Anna carried this dark vision into adulthood. Unremittingly humorless in her dealings with both family and friends, she grew melancholy easily and brooded ceaselessly over small matters, finding hazard or gloom at the end of every rainbow. Love was likely to disappear; loved ones to die. When left alone by her husband, even for short periods, she tormented herself with thoughts of his death. In Anna’s own account of her wedding celebrations, amid descriptions of flower arrangements and carriage rides in the woods, her thoughts return again and again to a sick relative who could not attend. “The wedding days,” she concluded, “were accompanied by a lot of sadness.”

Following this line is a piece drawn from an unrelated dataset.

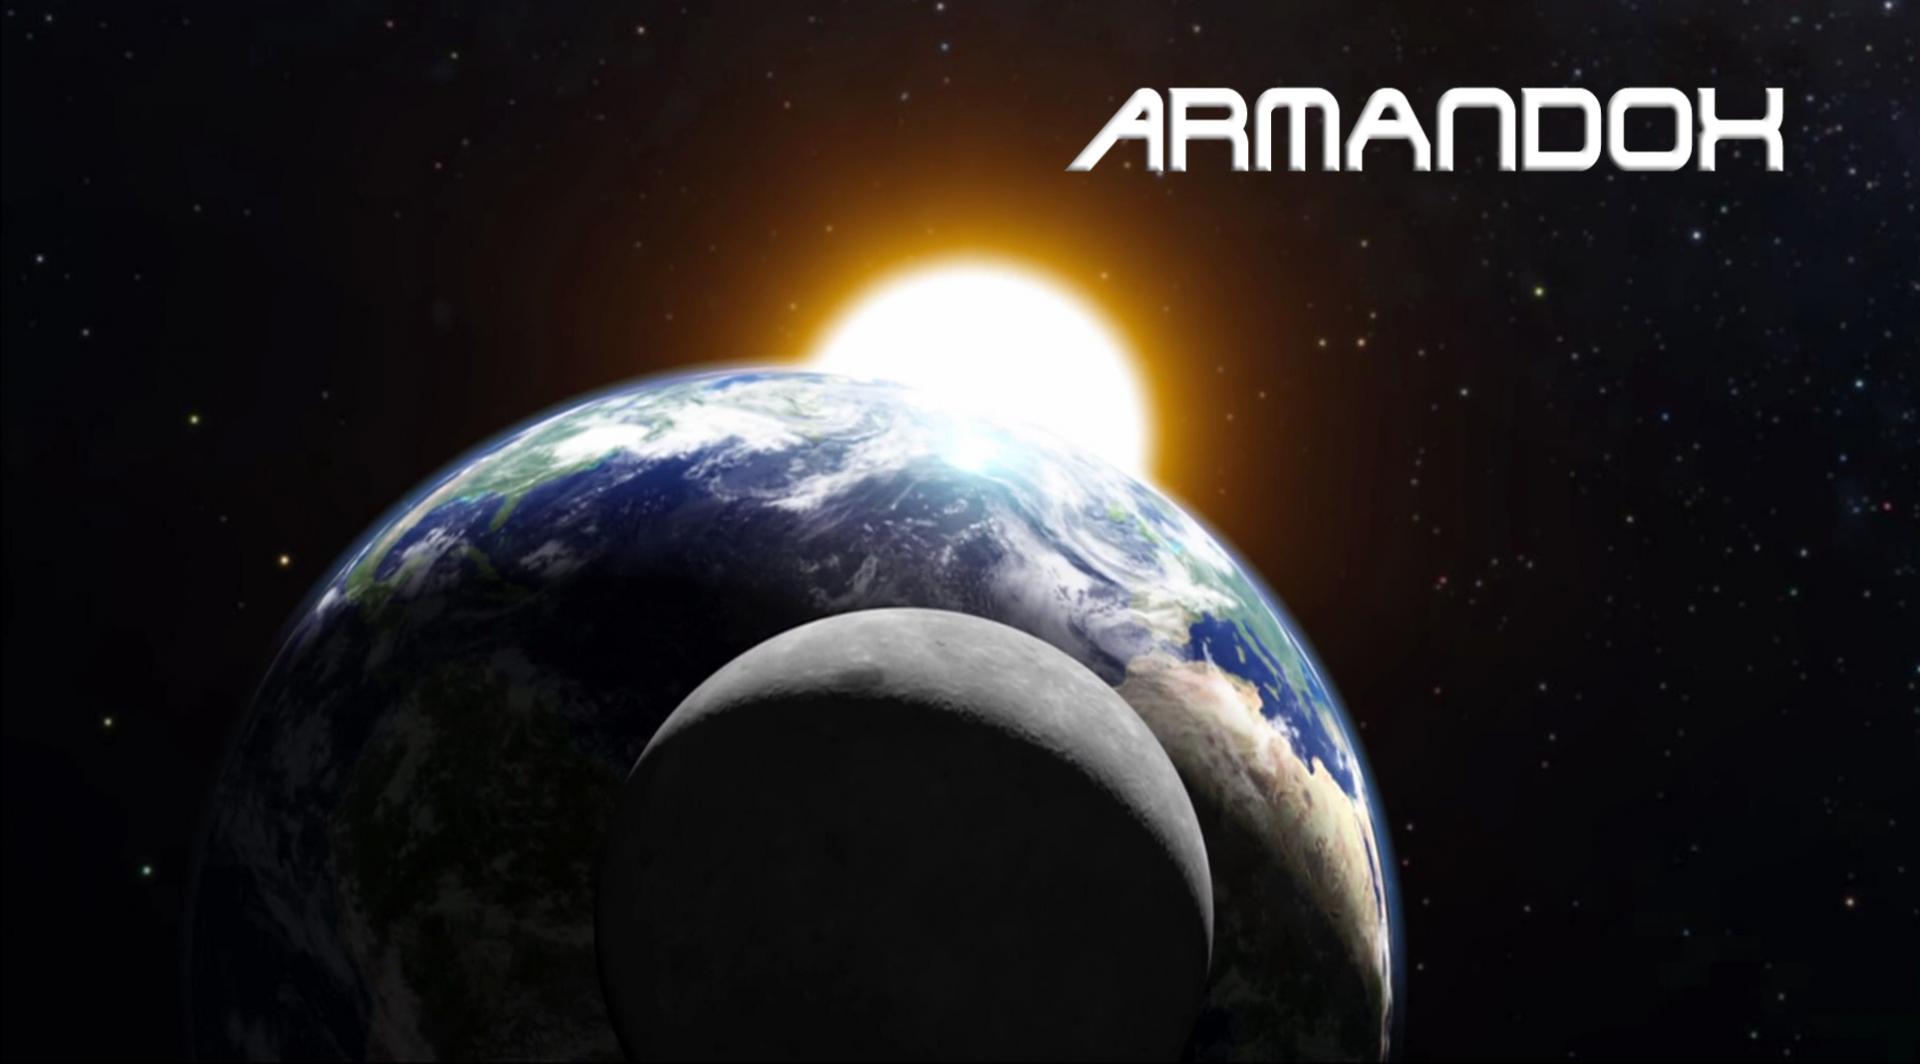 Music by Armandox

To hold the forces of darkness at bay, Anna kept herself frenetically busy. She learned to knit at an early age, and for the rest of her life, worked the needles with “terrifying speed,” according to the family chronicle. She was an “indefatigable” writer whose letters—filled with hastily jumbled syntax and multiple insertions—betray the same headlong rush to nowhere. She played the piano. She read because “it keeps you busy [and] turns the mind in a different direction,” she said. As a mother, she was obsessed with the benefits of preoccupation and urged it on her children at every opportunity. “Force your mind to keep itself occupied with other things,” she advised one of them as a cure for being “down-hearted.” (It was a lesson that her son Vincent, perhaps the most depressed and incandescently productive artist in history, learned almost too well.) When all else failed, Anna would clean furiously. “That dearest Ma is busy cleaning,” her husband wrote, casting doubt on the effectiveness of all her strategies, “but thinks about and worries about all.”
Anna’s busy hands also turned to art. Together with at least one of her sisters, Cornelia, she learned to draw and paint with watercolor, pastimes that had been taken up by the new bourgeois class as both a benefit and a badge of leisure. Her favorite subject was the common one for parlor artists at the time: flowers—nosegays of violets, pea blossoms, hyacinths, forget-me-nots. In this conventional pursuit, the Carbentus sisters may have been encouraged by their eccentric uncle, Hermanus, who, at one time at least, advertised himself as a painter. They also enjoyed the support and example of a very unconventional artistic family, the Bakhuyzens. Anna’s visits to the Bakhuyzen house were immersions in the world of art. Father Hendrik, a respected landscape painter, gave lessons not only to his own children (two of whom went on to become prominent artists), and perhaps to the Carbentus sisters, but also to a changing cast of students who later founded a new, emphatically Dutch art movement, the Hague School. Thirty-five years after Anna’s visits, the same movement would provide her son a port from which to launch his brief, tempest-tossed career as an artist.
As a fearful child, Anna was drawn naturally to religion.
Except for marriages and baptisms, religion makes a relatively late appearance in the Carbentus family record: When the French army arrived in The Hague in 1795, the chronicler blamed “God’s trying hand” for the depredations of billeted soldiers and confiscated coins. Two years later, when the fury loose in the land found Gerrit Carbentus alone on the Rijswijk road, the chronicle suddenly erupts in plaintive piety: “May God grant us mercy to accept His decisions with an obedient heart.” This was the essence of the religious sentiment that emerged from the years of turmoil—both in the Carbentus family and in the country: a trembling recognition of the consequences of chaos. Bloodied and exhausted, people turned from a religion that rallied the faithful to one that reassured the fearful. Anna herself summarized the milder goals of the new faith: to “preserve, support, and comfort.”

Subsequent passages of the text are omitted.